Miniaturisation brings clear advantages. Smaller devices are more portable, consume less power, and allow more processing power, features, and functions to be integrated without increasing size or weight. This creates new opportunities for product designers and enables entirely new categories of devices

But this progress raises an important question: can electronics keep getting smaller, or are there limits to how far miniaturisation can go?

Has Moore’s Law Reached Its Limit?

In 1965, Gordon Moore observed that the number of components on a microchip would double roughly every two years. This trend, known as Moore’s Law, has driven decades of innovation in electronics.

However, even Moore’s Law acknowledges an eventual limit. The size of components is ultimately constrained by the physical spacing between atoms.

Today, silicon-based transistors are already incredibly small, around 70 atoms wide.
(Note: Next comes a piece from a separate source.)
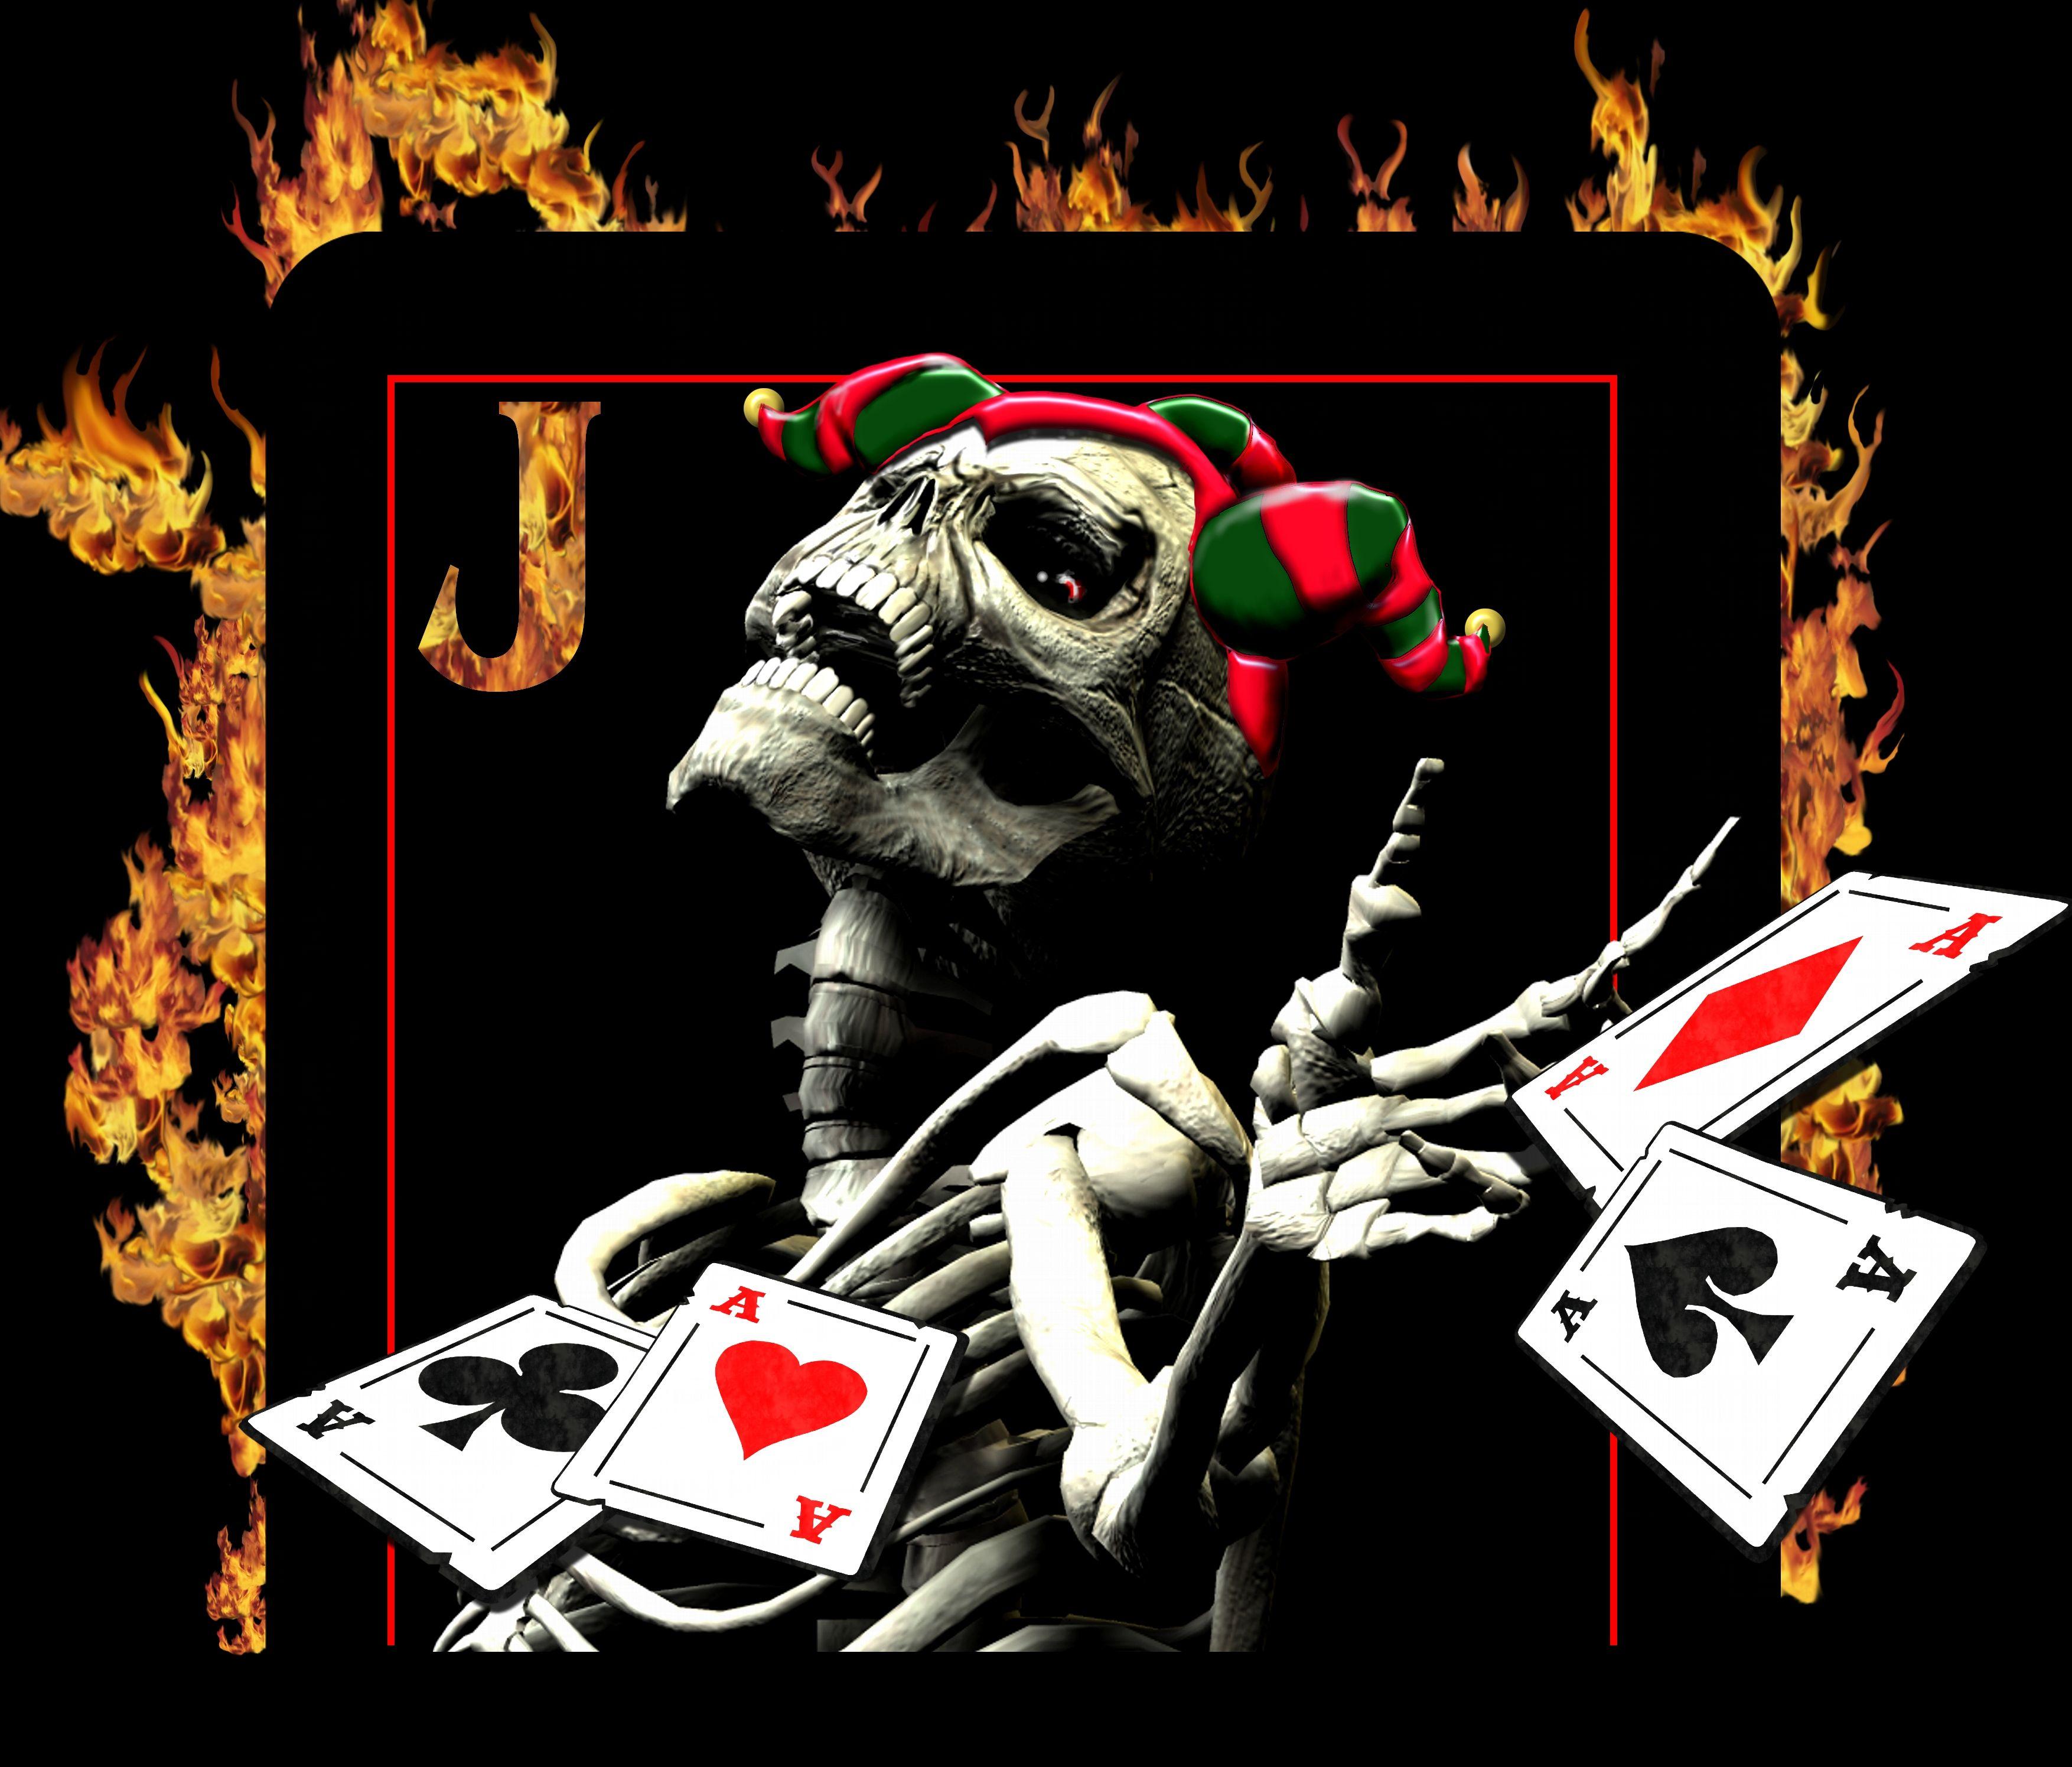 Joker card HD wallpapers free download | Wallpaperbetter

As we approach atomic scales, further miniaturisation becomes increasingly difficult, expensive, and complex. It’s also possible that the benefits of making chips smaller may no longer justify the cost and effort required.

Practical Challenges of Miniaturisation

Even before reaching theoretical limits, there are significant practical challenges. 

As components shrink:

• Heat dissipation becomes more difficult
• Signal integrity is harder to maintain
• Long-term reliability becomes more challenging

Miniaturisation doesn’t just affect individual components, it impacts how entire devices are built. No matter how small components become, they still need to be assembled into functional systems.

Handling and placing extremely small components requires exceptional precision. Advanced manufacturing technologies such as surface mount assembly and high-accuracy pick-and-place equipment make this possible and are now standard in modern electronics production.

However, there is a balance. As components get smaller, manufacturing becomes more complex and costly, raising the question of whether further miniaturisation is always worthwhile.

Beyond Traditional Scaling

If shrinking silicon components becomes impractical, future progress may come from new technologies rather than smaller transistors alone.

Emerging approaches such as photonic chips and quantum computing could deliver greater processing power without relying on continued size reduction in the same way.

At the same time, innovations like improved packaging, 3D chip architectures, and more efficient designs are helping to maximise performance within limited space.

So Can Electronics Keep Getting Smaller?

The answer is both yes and no.

Electronics can continue to get smaller in the near term, but fundamental physical limits and increasing practical challenges mean that this trend cannot continue indefinitely.

Instead of endless miniaturisation, the future will likely focus on optimising the balance between size, performance, reliability, cost, and manufacturability.